Thursday, October 1, 2009

Brokers: How they are doing all they can to NOT benefit you (from a group health broker)

As a group health insurance consumer, you naturally look for an educated adviser to point you in the right direction for decisions regarding health care. As a result, you turn to the internet or the yellow pages to find yourself a qualified benefits broker. You find a benefits broker/consultant with all the right qualifications and a snazzy eye-popping, sophisticated website. What could go wrong?

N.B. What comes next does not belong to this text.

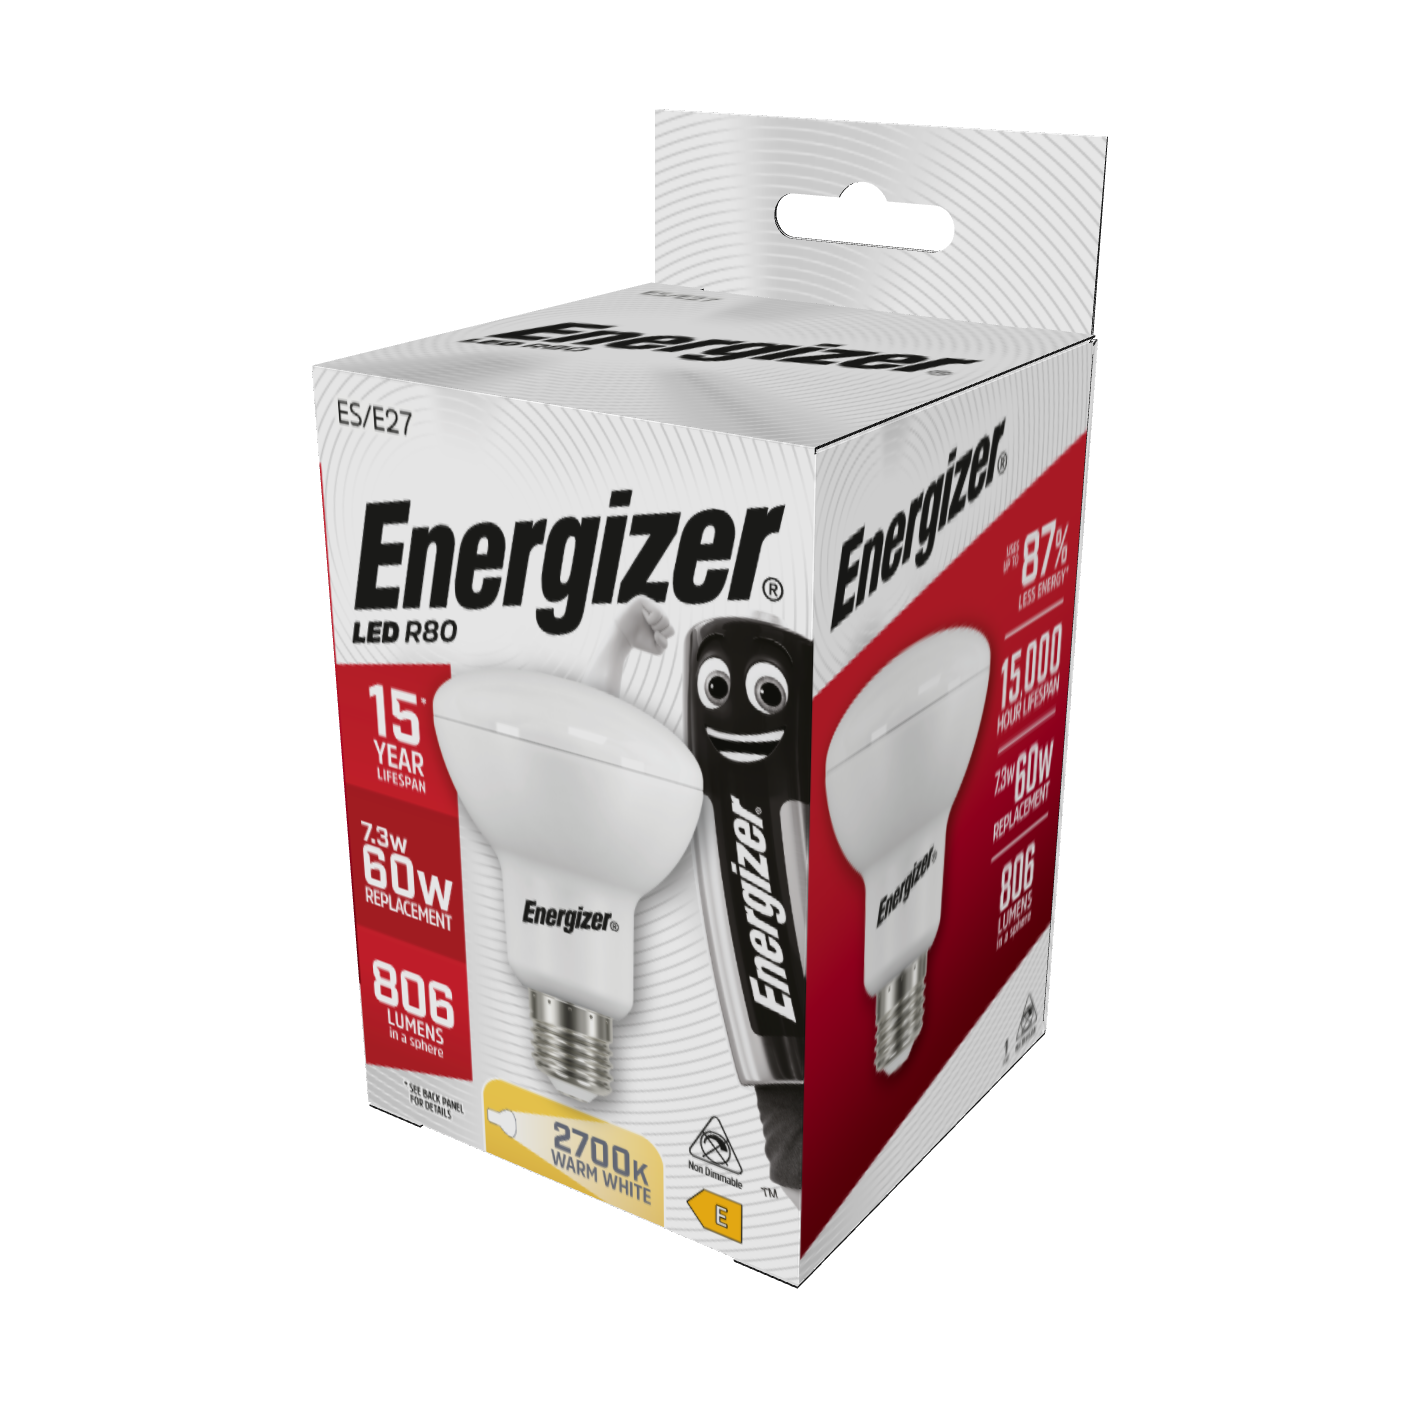 Energizer LED R80 Reflektor E27 (ES) 806lm 7,3W 2.700K (Warmweiß), Packung mit 1 Stück

In this discussion I hope to share some insight to health care consumers why brokers may be doing all they can to not help you. Let me back up by saying that the role of the benefits consultant/broker has changed dramatically since 1995. As a traditional broker, your job in 1995 was quite a bit different. You were working harder to land accounts and you were paid considerably less because the premiums were lower (before the super-inflation period of recent). Today it is quite common to have a fully insured premium renewal increase between 12-15%. As a result, employers are having to reduce their benefits to cut cost or implement a higher deductible to get to the premium level they were at before the renewal. This is no opportunity to reduce cost and avoid disgruntled employees.

There are a number of reasons why the brokers are not interested and will do whatever they can in order to get you to buy into the fully insured premiums with the lower deductibles.

1.) The brokers are paid commissions on the business they put with Blue Cross Blue Shield, or any other fully insured carrier (could be Harvard Pilgrim, Tufts, Aetna, Cigna, United Health Care). They are paid commission on a scale back basis starting at 3% and making its way back down throughout the policy year. The more premium they sell, the larger their commission portion is. By recommending higher deductibles, the premium reduces and they lose commission money.

2.) The brokers are paid "override" commissions on the business at the end of the year. This is where the majority of their money is made. They receive a closing year bonus on their block of business. They are offered two types of bonuses: contingency bonuses and persist-ency bonuses. Contingency bonuses are based on the amount of new business they have with Blue Cross Blue Shield. Each bonus amount is dependent on the individual broker's performance with Blue Cross Blue Shield. The second type of year end bonus is persist-ency bonus. This is for keeping their book of business with Blue Cross Blue Shield and renewing cases with the 12-15% increases. Therefore, the brokers are not motivated to sell employers the cheaper health insurance because they are penalized on their WHOLE block of business if they move cases to a different carrier or self-funded account. I repeat, the ENTIRE book of business they have with Blue Cross Blue Shield so naturally their selection of interest tends to fall with the fully insured carriers.

Brokers have become fat and happy. As a result there is a tarnish to even a title of "broker" and many brokers are swapping their titles to consultant or adviser.

As a result, I would encourage any employer to shop their quote with more than one broker. Let the brokers compete for producing the cheaper health care cost and bring competition back into the equation, true competition!

For more information on our company and our benefit specialists please visit our website.

We are dedicated to finding the affordable solution and keeping YOUR best interest ahead of ours. We value relationship and ethics and that is why our best interest is YOU.

In addition, many brokers will tell you that your company is too small to self fund or self insure. This may be the case; however, it is dependent on many factors besides size of your company such as age and nature of industry.

The brokers will tell you this to keep you fully insured and to keep you buying into the larger premiums, while keeping their pockets deep.